** Source data follows **

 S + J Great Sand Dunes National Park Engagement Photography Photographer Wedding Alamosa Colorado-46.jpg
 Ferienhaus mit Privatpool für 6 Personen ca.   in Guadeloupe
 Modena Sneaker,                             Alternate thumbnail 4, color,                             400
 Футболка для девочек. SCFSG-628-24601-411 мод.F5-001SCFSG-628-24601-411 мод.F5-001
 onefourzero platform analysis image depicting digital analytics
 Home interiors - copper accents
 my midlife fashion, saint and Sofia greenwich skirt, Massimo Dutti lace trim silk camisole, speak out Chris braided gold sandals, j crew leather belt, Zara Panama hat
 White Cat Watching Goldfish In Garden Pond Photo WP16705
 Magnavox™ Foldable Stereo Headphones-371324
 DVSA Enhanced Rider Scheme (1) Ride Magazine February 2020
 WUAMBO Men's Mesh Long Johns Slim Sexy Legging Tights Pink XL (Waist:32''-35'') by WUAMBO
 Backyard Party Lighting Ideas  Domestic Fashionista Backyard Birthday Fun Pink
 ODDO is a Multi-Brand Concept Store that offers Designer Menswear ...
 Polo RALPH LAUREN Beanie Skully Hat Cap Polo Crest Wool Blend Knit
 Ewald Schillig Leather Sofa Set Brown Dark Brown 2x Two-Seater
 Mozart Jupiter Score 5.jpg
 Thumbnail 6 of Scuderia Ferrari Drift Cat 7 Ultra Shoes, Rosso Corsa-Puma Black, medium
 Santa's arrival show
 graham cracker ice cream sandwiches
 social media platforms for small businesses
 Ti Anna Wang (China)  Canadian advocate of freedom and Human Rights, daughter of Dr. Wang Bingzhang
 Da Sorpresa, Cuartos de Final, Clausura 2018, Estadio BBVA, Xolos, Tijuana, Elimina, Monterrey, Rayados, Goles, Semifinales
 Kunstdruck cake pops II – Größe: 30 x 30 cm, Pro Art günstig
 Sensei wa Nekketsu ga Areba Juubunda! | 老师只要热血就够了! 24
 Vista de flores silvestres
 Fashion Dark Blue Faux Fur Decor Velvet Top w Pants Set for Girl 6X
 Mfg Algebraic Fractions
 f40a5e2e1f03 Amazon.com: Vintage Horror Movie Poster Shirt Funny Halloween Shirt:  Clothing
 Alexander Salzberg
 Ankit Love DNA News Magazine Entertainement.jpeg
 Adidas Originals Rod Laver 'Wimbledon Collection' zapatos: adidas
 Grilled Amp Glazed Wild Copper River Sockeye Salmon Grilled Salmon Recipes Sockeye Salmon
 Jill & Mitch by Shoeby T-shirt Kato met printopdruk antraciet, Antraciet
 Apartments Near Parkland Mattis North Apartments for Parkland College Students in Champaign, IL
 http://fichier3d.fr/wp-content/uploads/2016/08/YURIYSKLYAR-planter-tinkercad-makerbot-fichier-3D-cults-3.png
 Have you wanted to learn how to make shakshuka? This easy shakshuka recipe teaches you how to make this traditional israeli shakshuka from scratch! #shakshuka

** End of Source data **

Exercise:
Set out every line from the material that contains the string "Magazine".

Answer to the problem:
 DVSA Enhanced Rider Scheme (1) Ride Magazine February 2020
 Ankit Love DNA News Magazine Entertainement.jpeg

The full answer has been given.